As I'm sure they've already considered at Google, MUM can be used to revolutionize education. Imagine people all over the world having access to an expert instructor who can answer all of your questions. You might think this sounds like a dream, but we're a mere stone toss away from achieving it. That's the true power of scale relativity + multimodality: we can now make advanced systems that can communicate with us.
I appreciate the skeptics and naysayers here: you keep the rest of us sane. For that, I thank you. At the same time, I want you to open your eyes to the possibility that something very important and transformative is happening right now. You don't have to go full Kurzweil, but I think you would benefit from reflecting on the opportunities this new technology might offer.
"Is there any work left to be done?"
The short answer is an emphatic “Yes! Dismantling your monster of a corporation!”Google could search captions on all the Youtube (etc) videos. Not sure why this doesn't happen. Along with a few other big resources not indexed.
I think the big thing with the article(Taken as a workable technology) is it's not search, it's getting other peoples information and transforming it into a Google resource.
Which does add to humanities knowledge, but it's owned and profited on by Google.
Instead it's an announcement that Google has made a new, even bigger, pile of linear algebra that can sort of answer questions and won't end up like Watson.
I like that they put in a deadpan bit about how they are very ethical when they make and then exploit their huge collections of data found by their spiders. There sure hasn't been any AI controversy at google this quarter, no sir-e!
Hands up everyone who is 100% satisfied with Search ... ... OK no one.
So now we have an unsolved problem left behind in favour of ... chat about mountains ...
"MUM has the potential to transform how Google helps you with complex tasks. Like BERT, MUM is built on a Transformer architecture, but it’s 1,000 times more powerful. MUM not only understands language, but also generates it."

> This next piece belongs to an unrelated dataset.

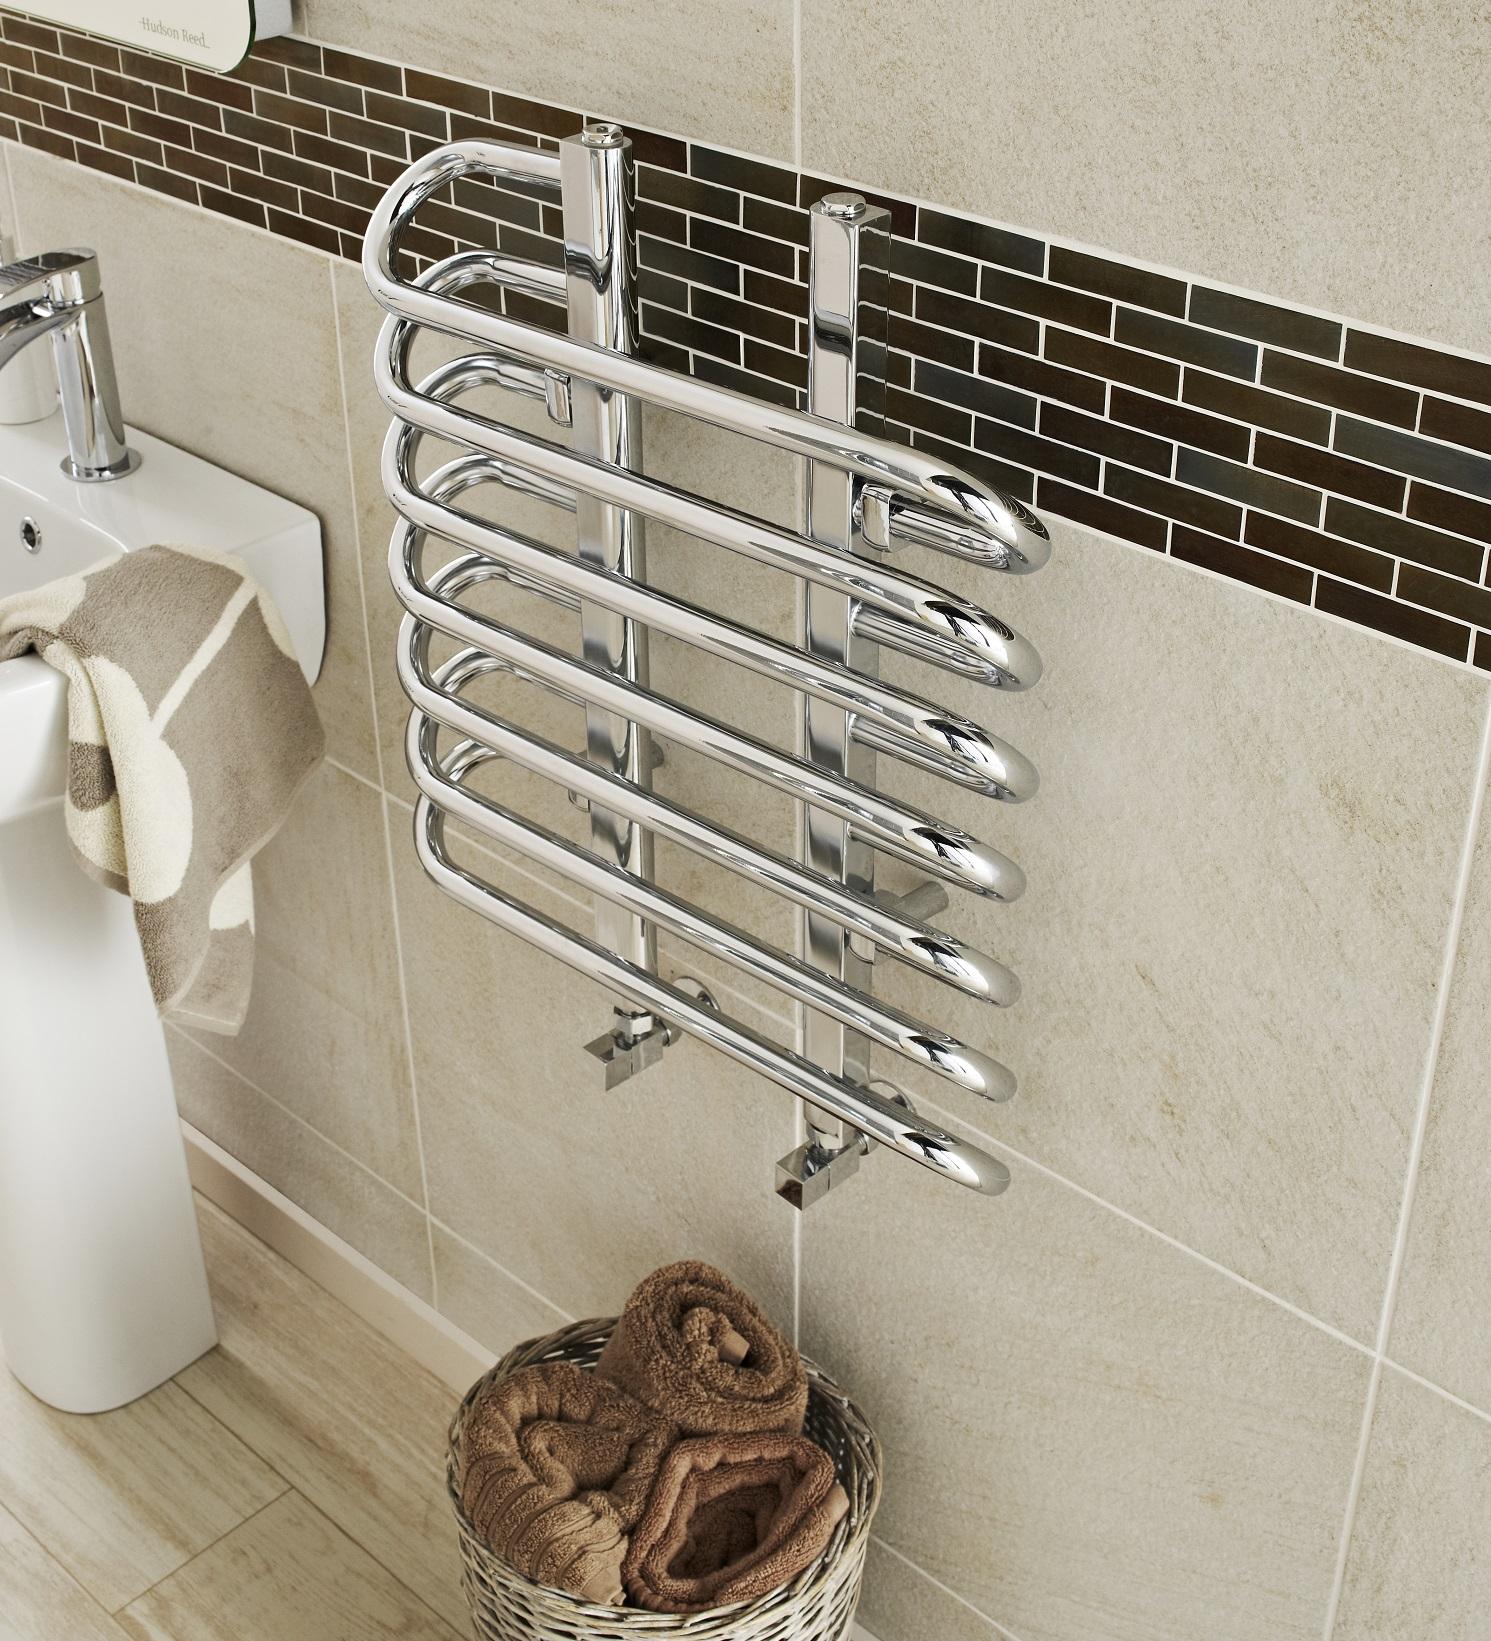 Bathroom heated towel radiators - Should I Choose A Plumbed Or Electric Bathroom Towel Rail

Piss off and while you are at it, get BERT to explain my response to MUM or vice versa.
If MUM can decipher my immediately prior sentence given this input then I might start to get interested.
Yeah, it’d have been more code but you would not have needed to destroy a forest to train the thing.

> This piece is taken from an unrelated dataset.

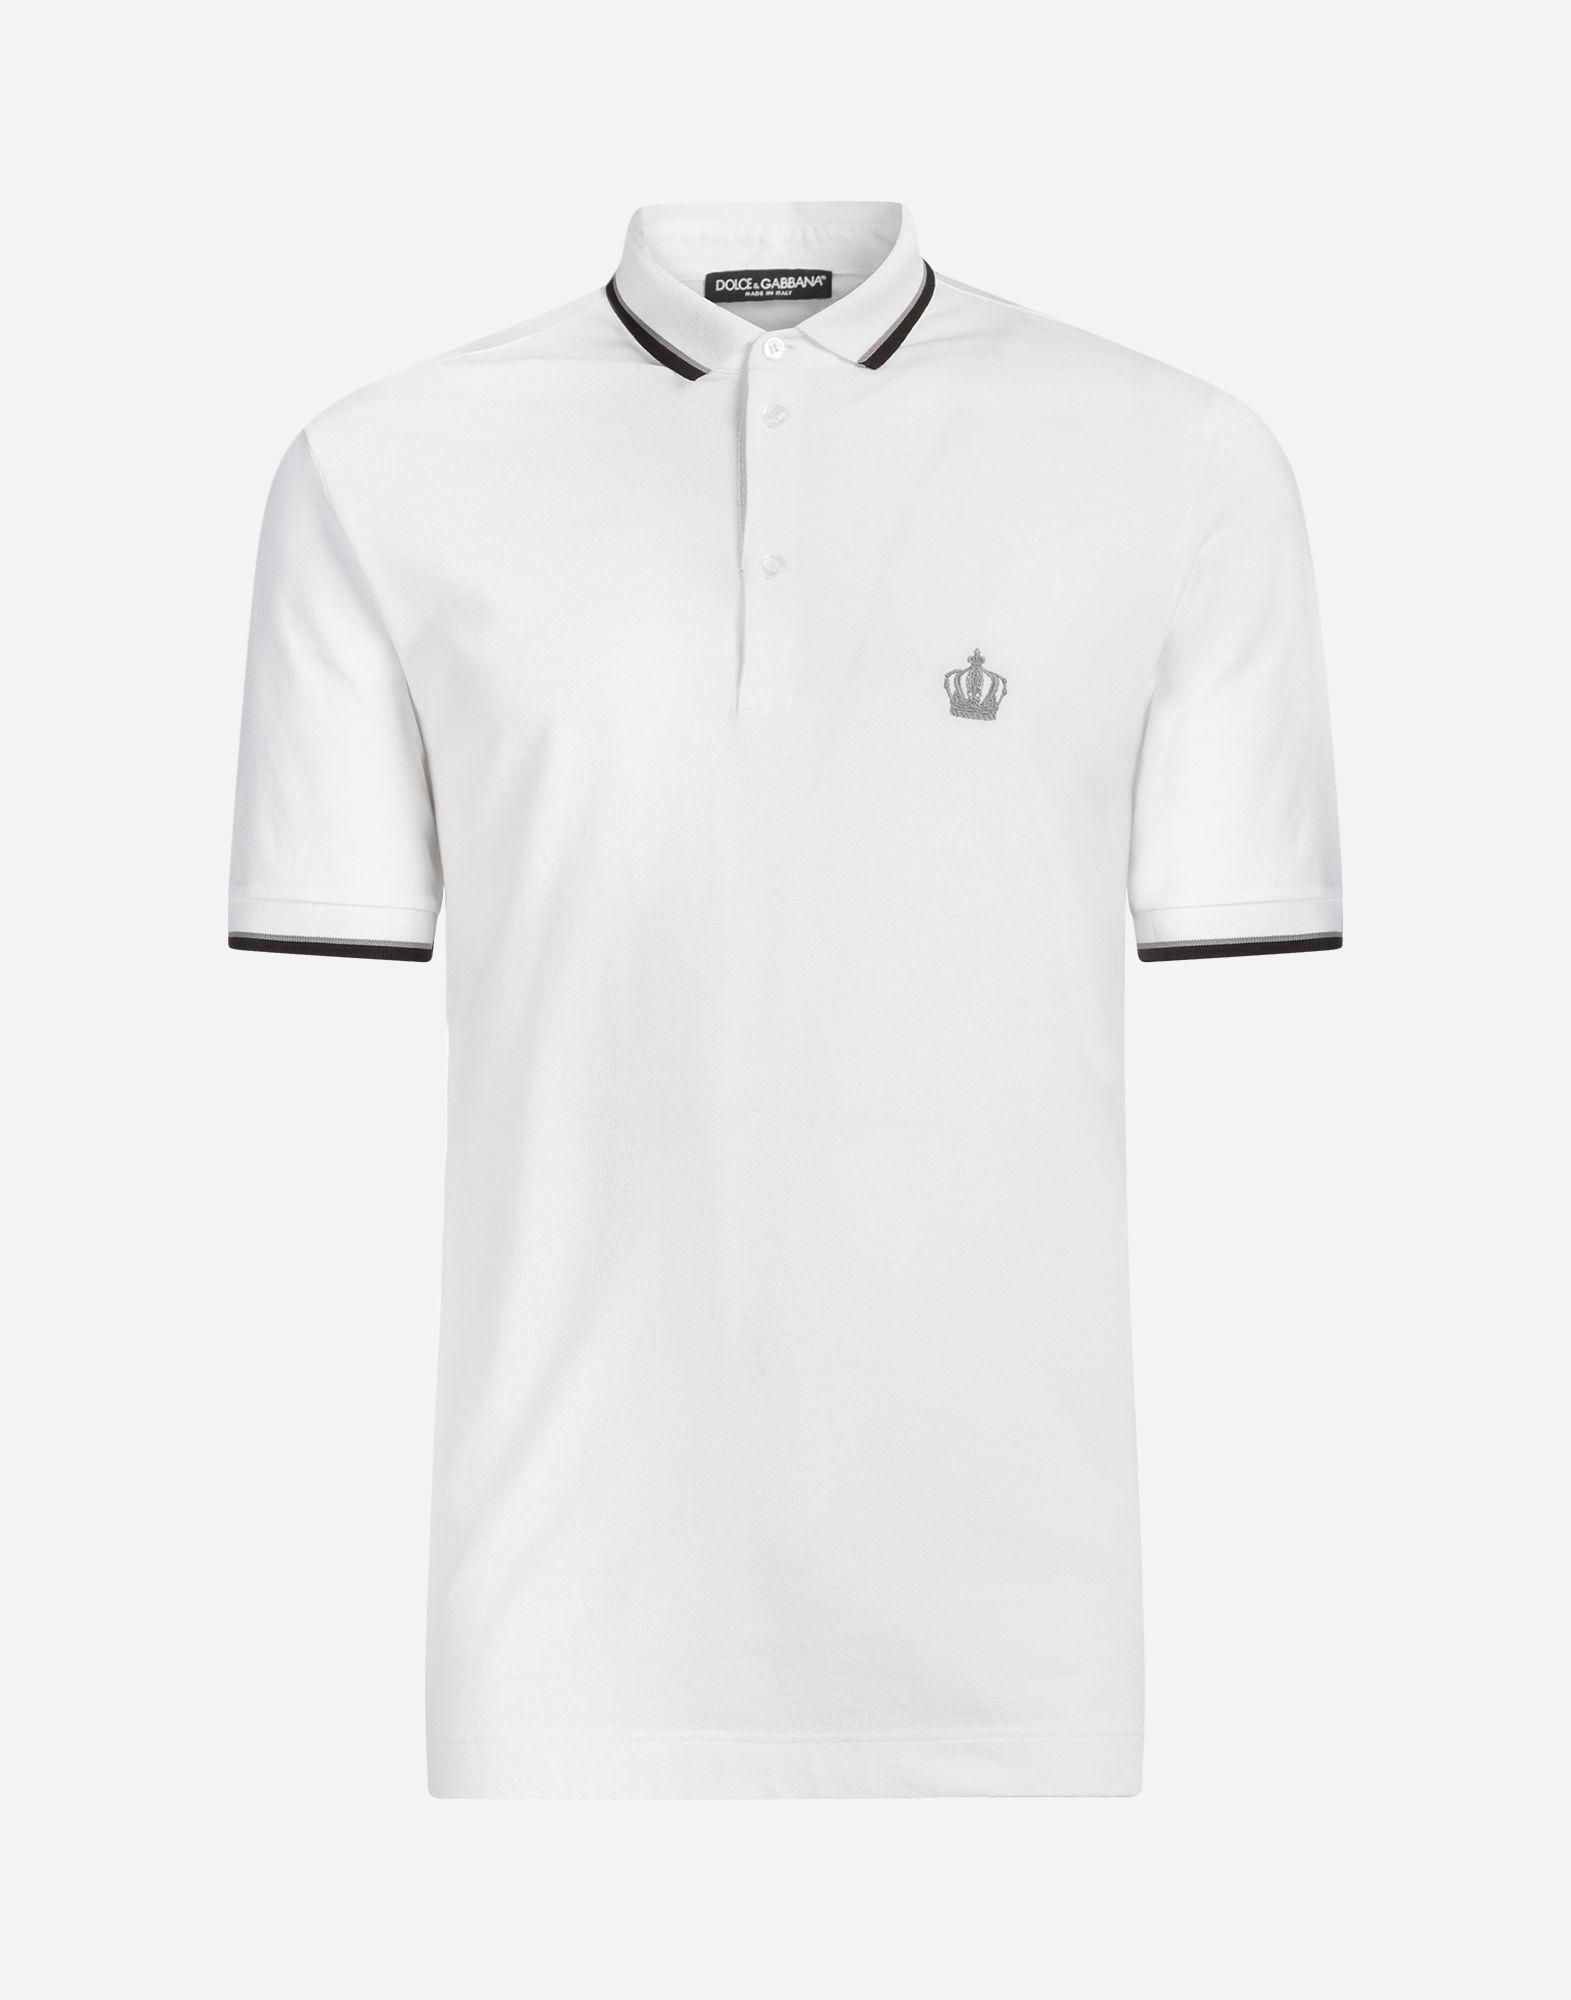 99204d9c7dd46 Mens Designer Polo Shirts Tk Maxx

This is the NLP trade off of the 21st century. The code is easier to write but the model is completely opaque, and you need to really burn a lot of electricity to make it work.
This is basically a meme now. We actually have a pretty good understanding of how the models work. In fact that understanding is how you can do things like build chatbots that don't spew hate.
Also the electrical cost of ML training large language models is indeed high (e.g GPT-3 has 175B params and is estimated at 190,000 kWh to train on GPUs). But the folks who pay the cost (Basically OpenAI, Google, MSFT, Facebook, Amazon) are incentivized to make that go down (TPUs are way more efficient than GPUs), and they are incentivized to do it infrequently because it costs $$$.
FWIW Google's datacenters are also technically carbon neutral. I know that's not great because carbon credits don't have the impact that folks think they have, but there is definitely a difference in ecological impact from datacenter electricity and other kinds of energy usage (e.g cars all burning fossil fuels).
Okay also let's compare to bitcoin, which is the real ecological disaster if we want to talk about inefficient software: ~387,096,774 kWh PER DAY. _and_ incentivizing things like cheap coal, and miners are definitely not using their crypto wealth to purchase carbon offset credits :(
There's been a bit of discussion on HN lately about the effectiveness of sophisticated models vs. just good metadata.